Письмо ничуть ее не заинтересовало (ей было тогда около одиннадцати лет). Кейт дважды перечитала его, совершенно теряясь в догадках, но так ничегошеньки и не поняла. Написано письмо было стряпчим из фирмы «Джобсон, Тринг, Зловрединг и Зловрединг»; в нем было полно длинных слов, вроде «завещание» или «наследование» и даже слова среднего размера соединялись друг с другом таким странным образом, что казались Кейт совершенно бессмысленными (что, например, могло означать «нежилое жилье»? Сколько не думай, смысла тут не найдешь). А уж имен там было! И Стаддингтон, и Доброу, и Эмберфорс, и Поклинтон, и целое семейство по фамилии «Усопшие», которая почему-то писалась с маленького «у».
— Большое спасибо, — вежливо сказала Кейт, возвращая письмо.
— Я подумала, что, может быть… — сказала миссис Мей (и тут, наконец, Кейт заметила, что щеки старой дамы порозовели, словно от смущенья), — что вдруг ты захочешь поехать со мной.
— Поехать… куда? — спросила Кейт с недоумевающим видом.
— Кейт, милочка! — воскликнула миссис Мей. — Зачем же я показывала тебе письмо? В Лейтон-Баззард, естественно.
Лейтон-Баззард? Много лет спустя, когда Кейт описывала эту сцену своим детям, она говорила им, что при этих словах сердце ее быстро-быстро забилось, еще раньше, чем до ее сознания дошел их смысл. «Лейтон-Баззард… знакомое название… Да, так называется небольшой городок где-то… где-то, кажется, в Бедфордшире?» — Туда, где был дом двоюродной бабушки, тети Софи, — подсказала ей миссис Мей. — Туда, где, по словам брата, он видел добываек.
И не успела Кейт прийти в себя от изумления, миссис Мей добавила деловым тоном:
— Мне оставили по завещанию небольшой домик в поместье Стаддингтонов — том самом, где стоит большой дом, и… — тут она еще сильней покраснела, словно то, что она хотела сказать, казалось ей самой почти чудом, — …и триста пятьдесят фунтов. Хватит, — добавила она радостно и изумленно, — на полный ремонт.

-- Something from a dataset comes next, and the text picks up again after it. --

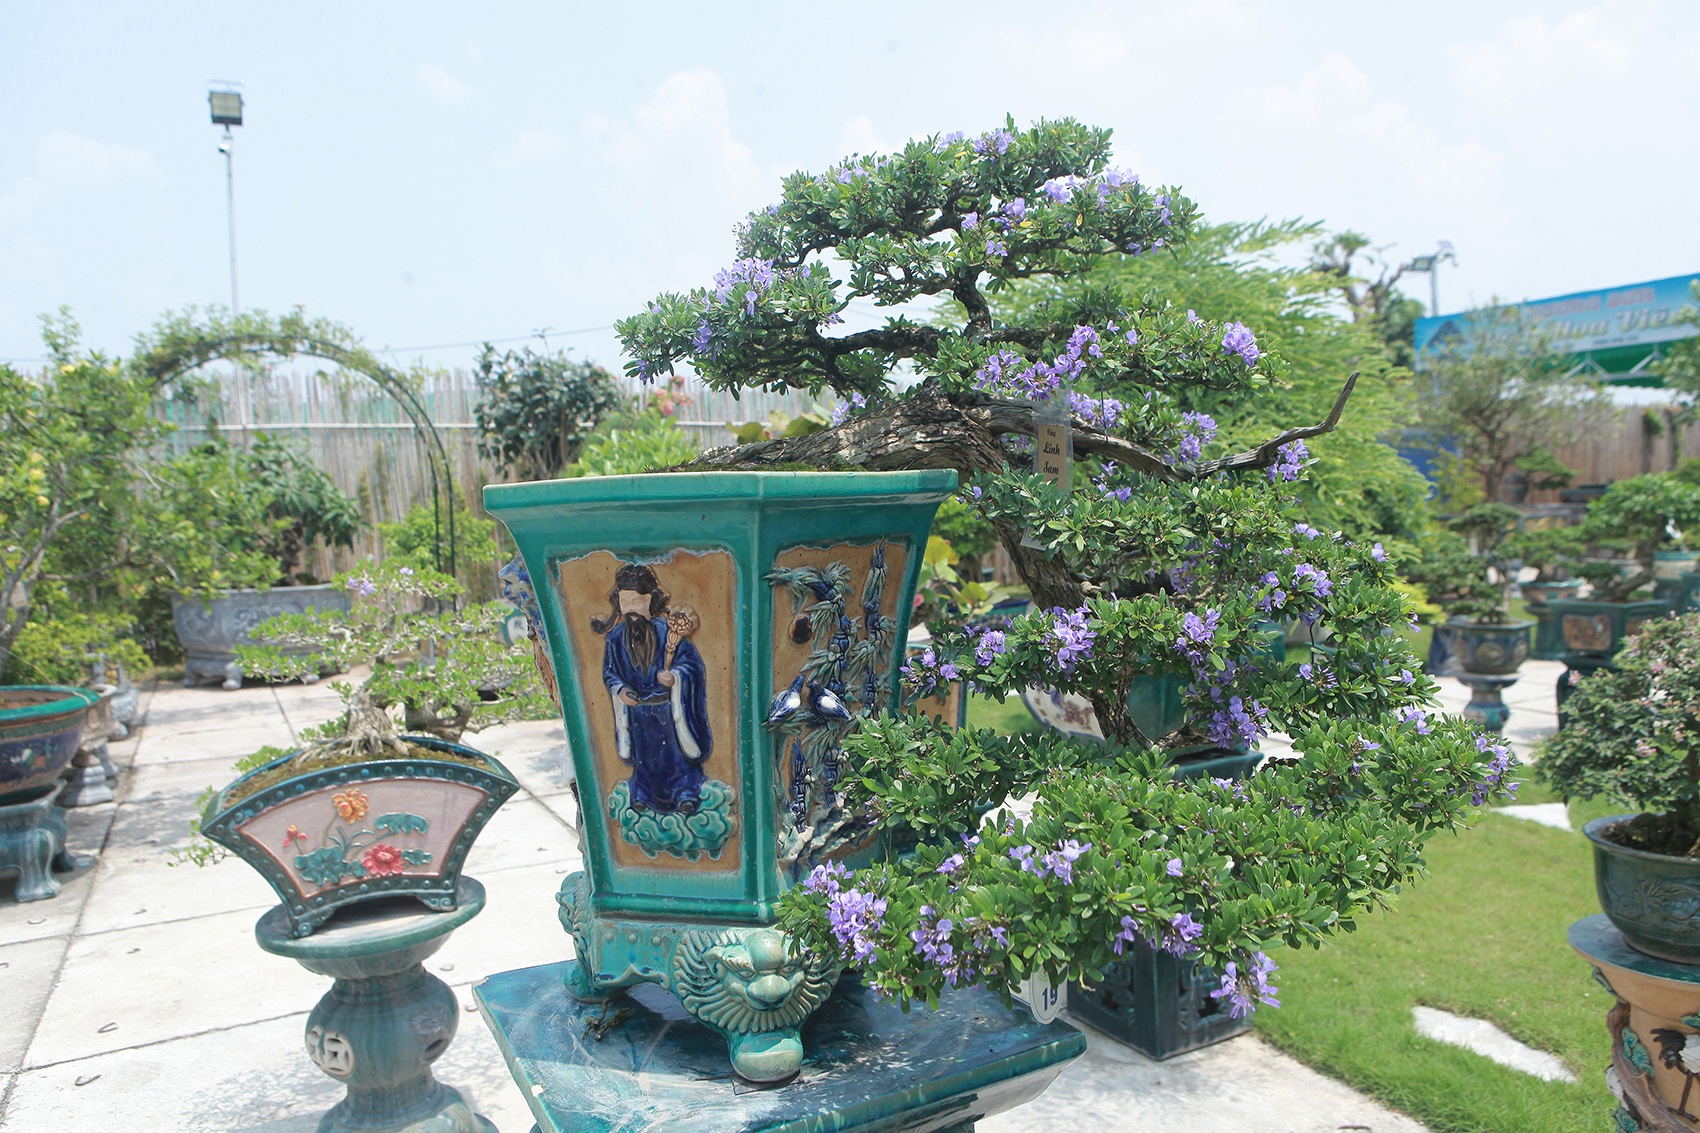 Mục sở thị khu vườn gần 1.000 cây cảnh bonsai hiếm có đất Hà Thành - 10

Кейт молчала. Прижав стиснутые руки к груди, словно стараясь сдержать неистовые удары сердца, она во все глаза глядела на миссис Мей.
— А мы увидим этот дом? — спросила она наконец охрипшим вдруг голосом.
— Конечно, потому-то мы и едем туда.
— Я хочу сказать — большой дом, дом тети Софи?
— А, Фирбэнк-Холл, как его раньше называли? — у миссис Мей был немного озадаченный вид. — Не знаю, возможно, нам и удастся туда попасть. Все зависит от того, кто там сейчас живет.
— Я хочу сказать, — продолжала Кейт, стараясь взять себя в руки, — даже если мы не попадем внутрь, вы ведь можете показать мне решетку под кухней и склон, где гуляла Арриэтта, а если приоткроют хоть самую чуточку входную дверь, вы ведь покажете мне, где стояли куранты? Просто быстренько ткнете в то место пальцем… — И так как миссис Мей все еще колебалась, Кейт вдруг горячо добавила: — Вы же сами верили в них, разве нет? Или это была, — ее голос задрожал, прервался, — просто сказка?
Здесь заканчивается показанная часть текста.